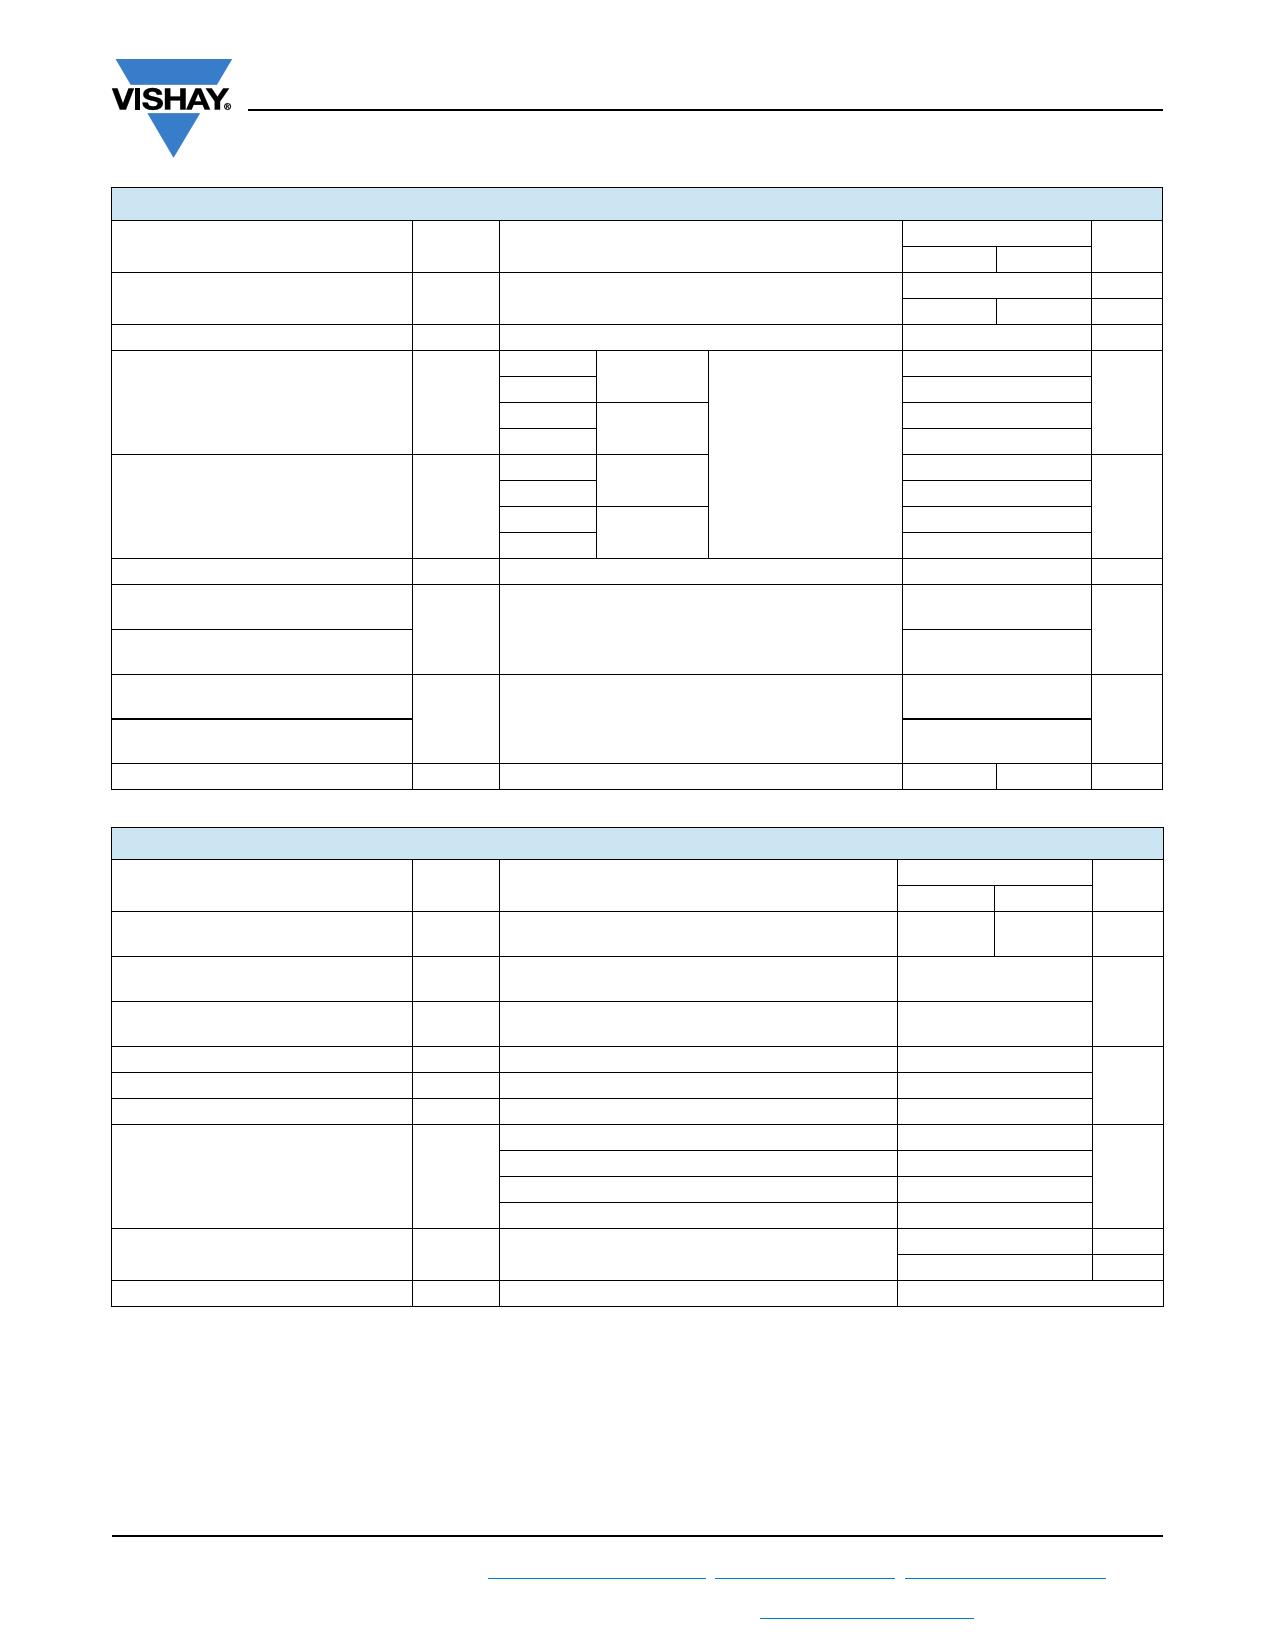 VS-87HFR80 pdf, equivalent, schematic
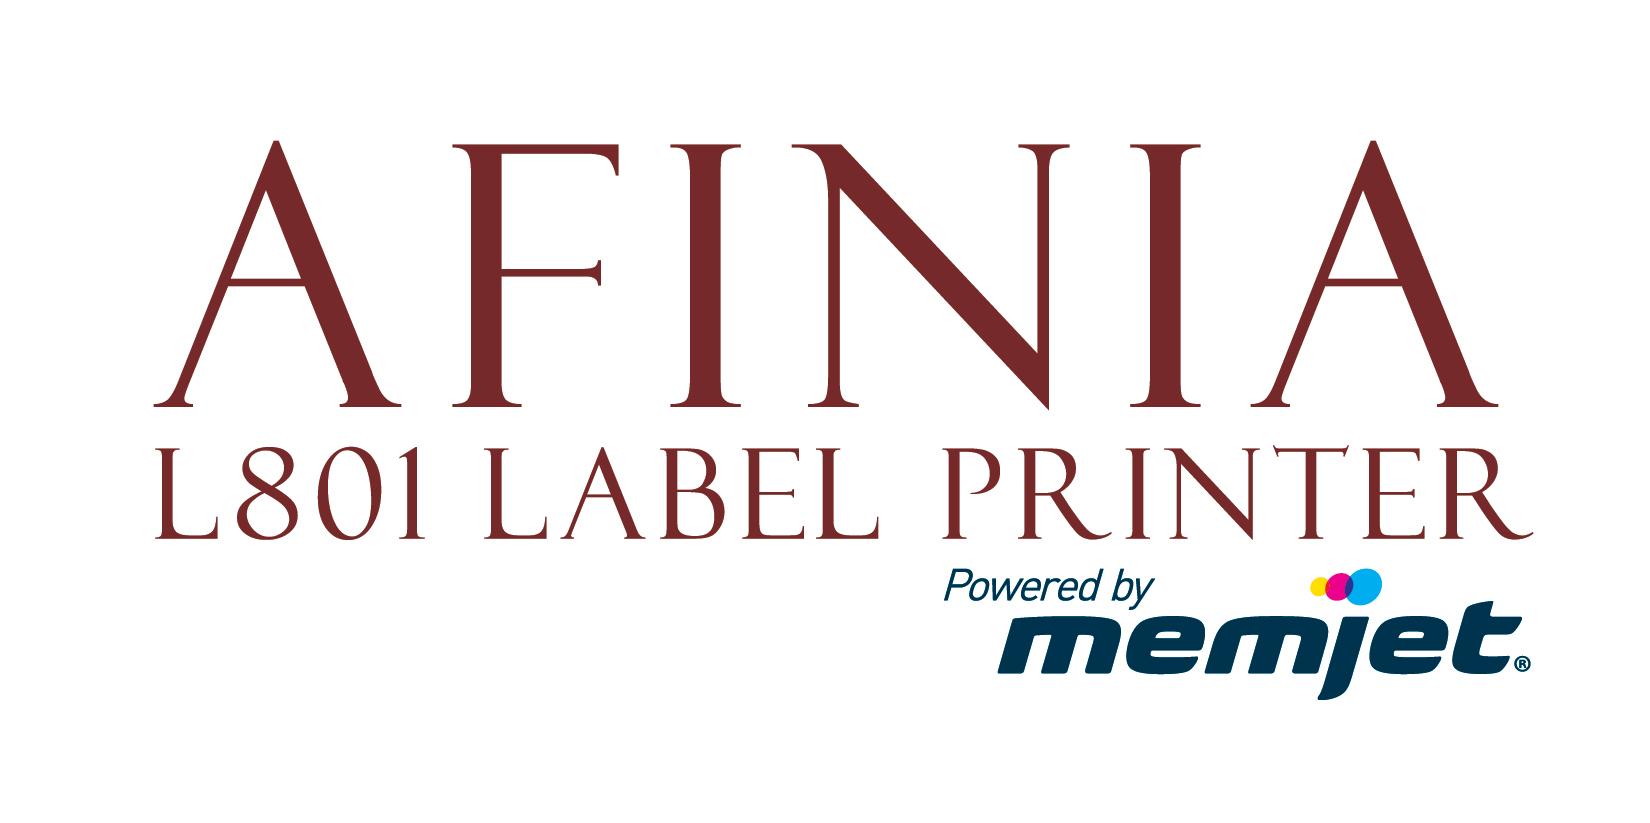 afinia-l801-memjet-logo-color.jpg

==

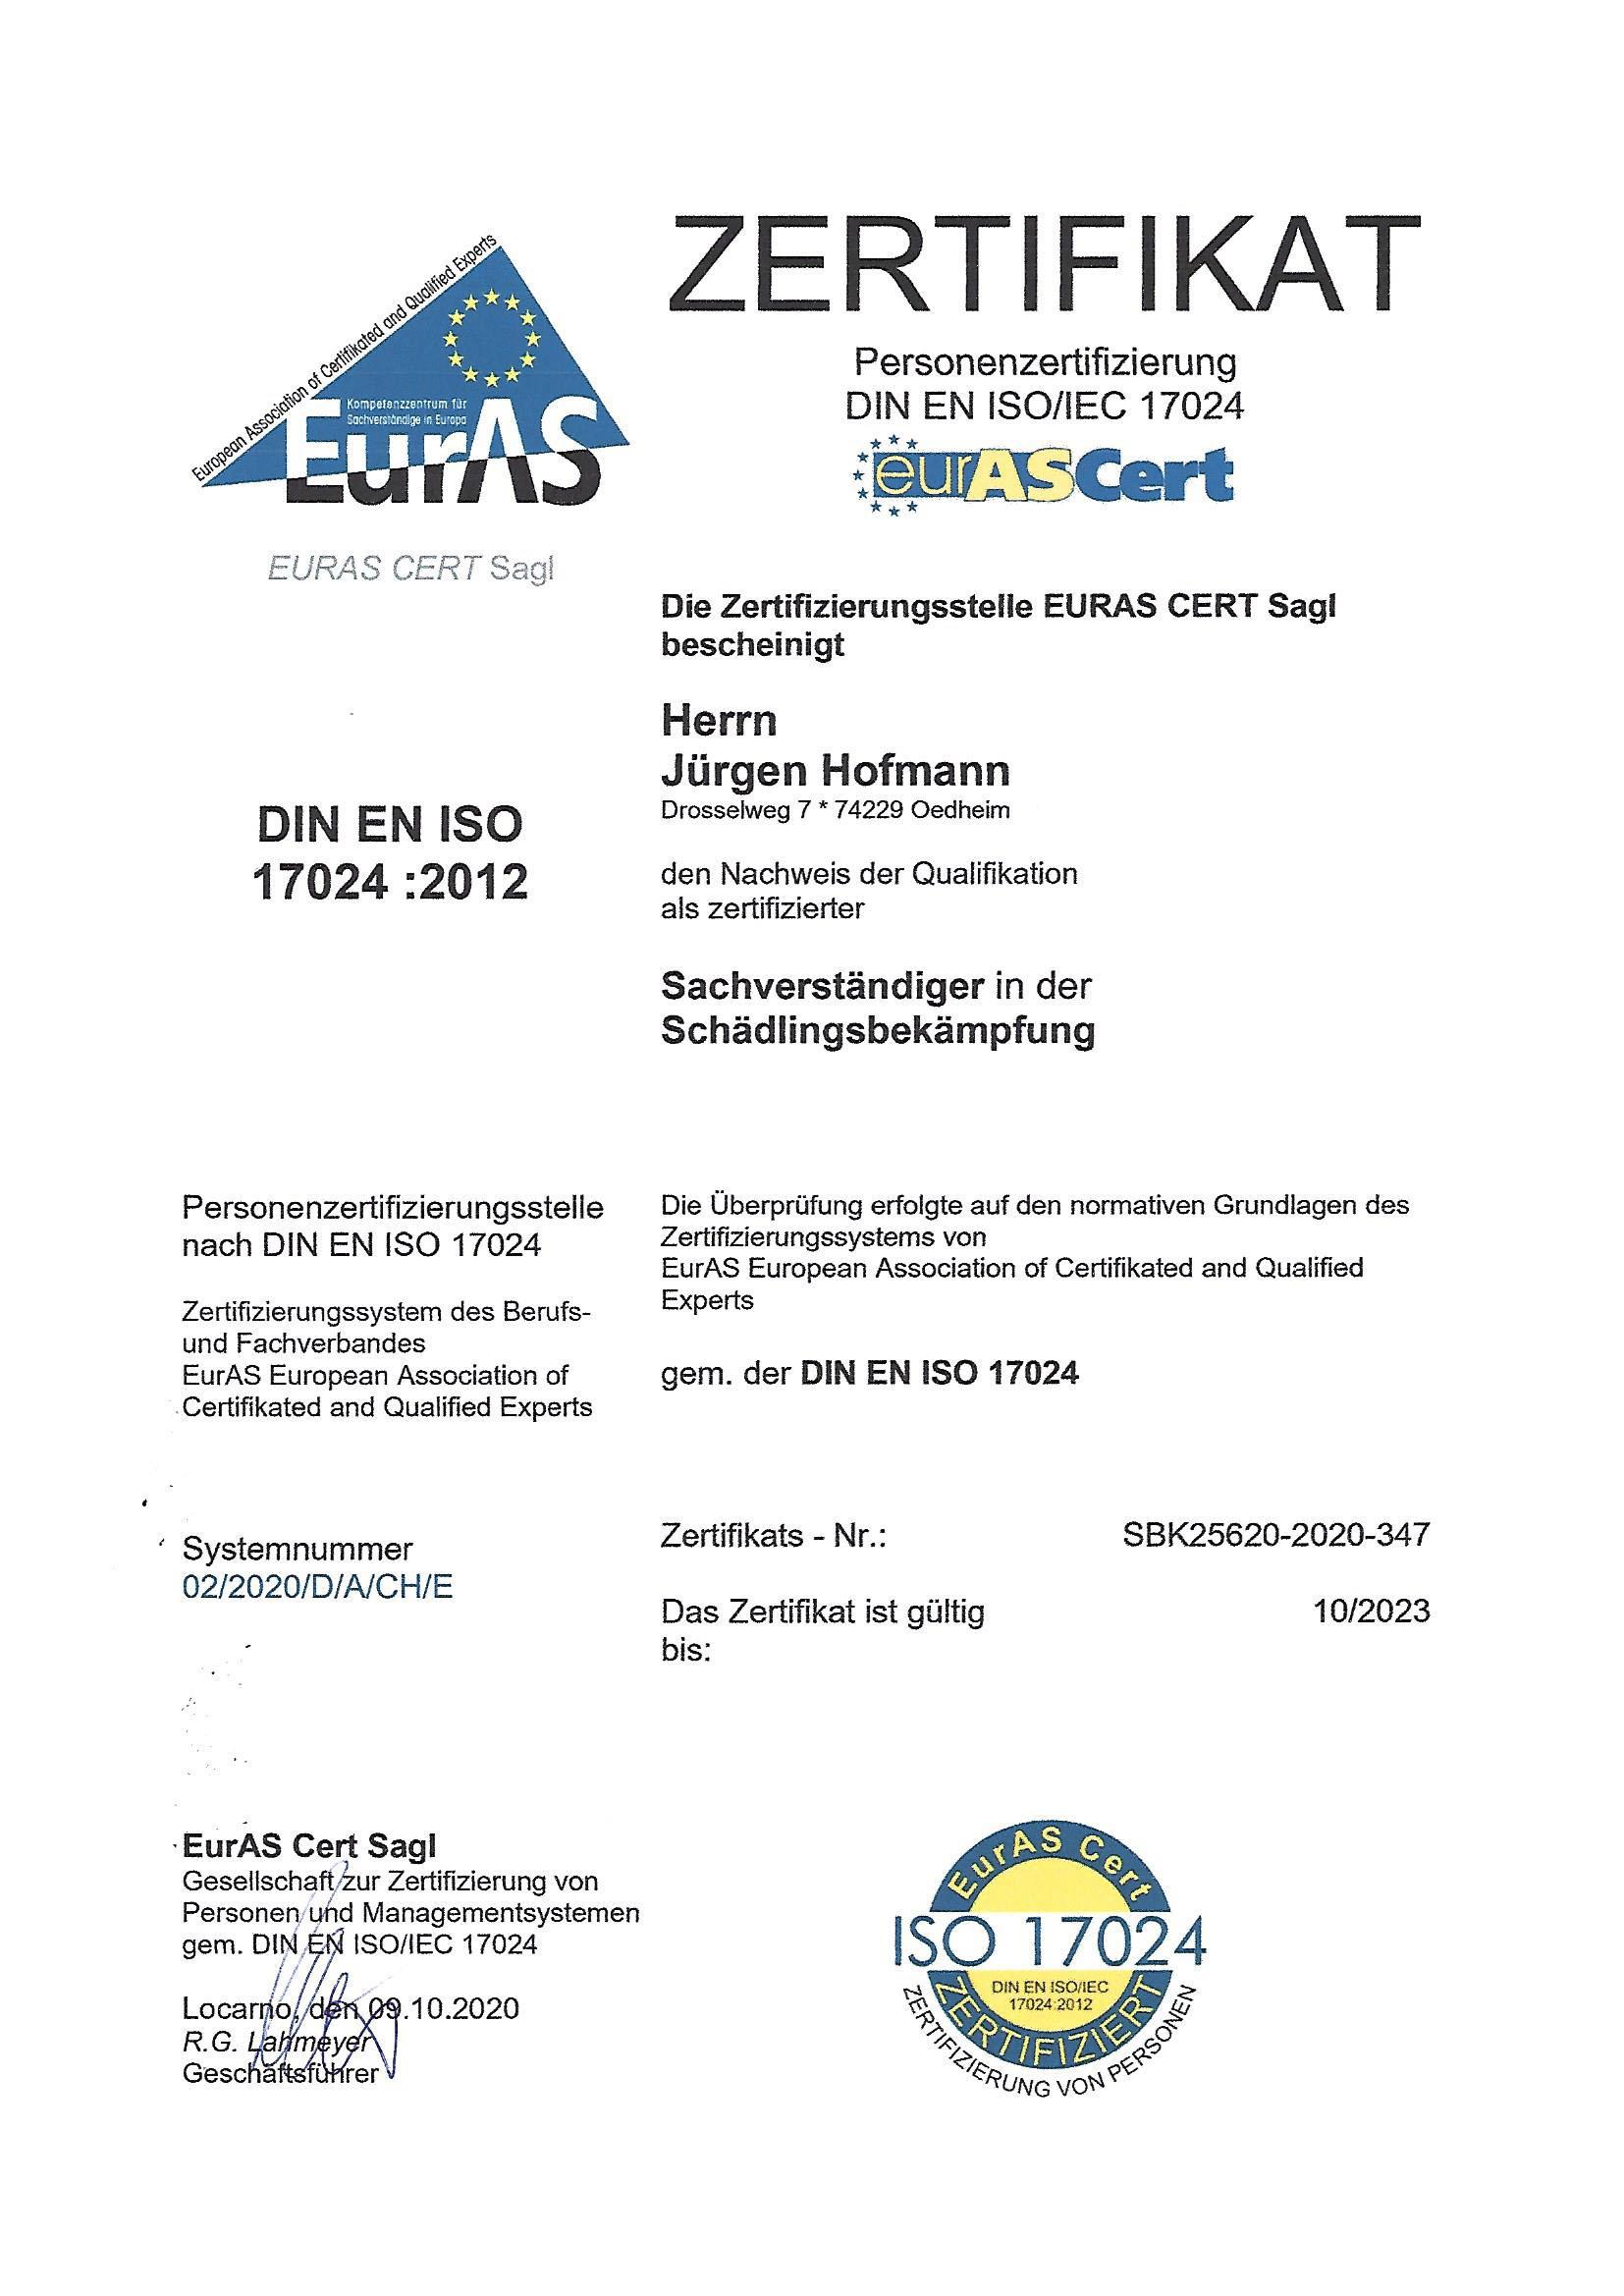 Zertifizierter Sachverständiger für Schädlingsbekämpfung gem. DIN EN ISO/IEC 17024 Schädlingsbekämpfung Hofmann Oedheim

[EXERCISE] Once the line with "VS-87HFR80 pdf, equivalent, schematic" is found above, print it and every line after it through the line with "afinia-l801-memjet-logo-color.jpg", exactly. Pictures stay out.

[SOLUTION FOR THIS TASK]
 VS-87HFR80 pdf, equivalent, schematic
 afinia-l801-memjet-logo-color.jpg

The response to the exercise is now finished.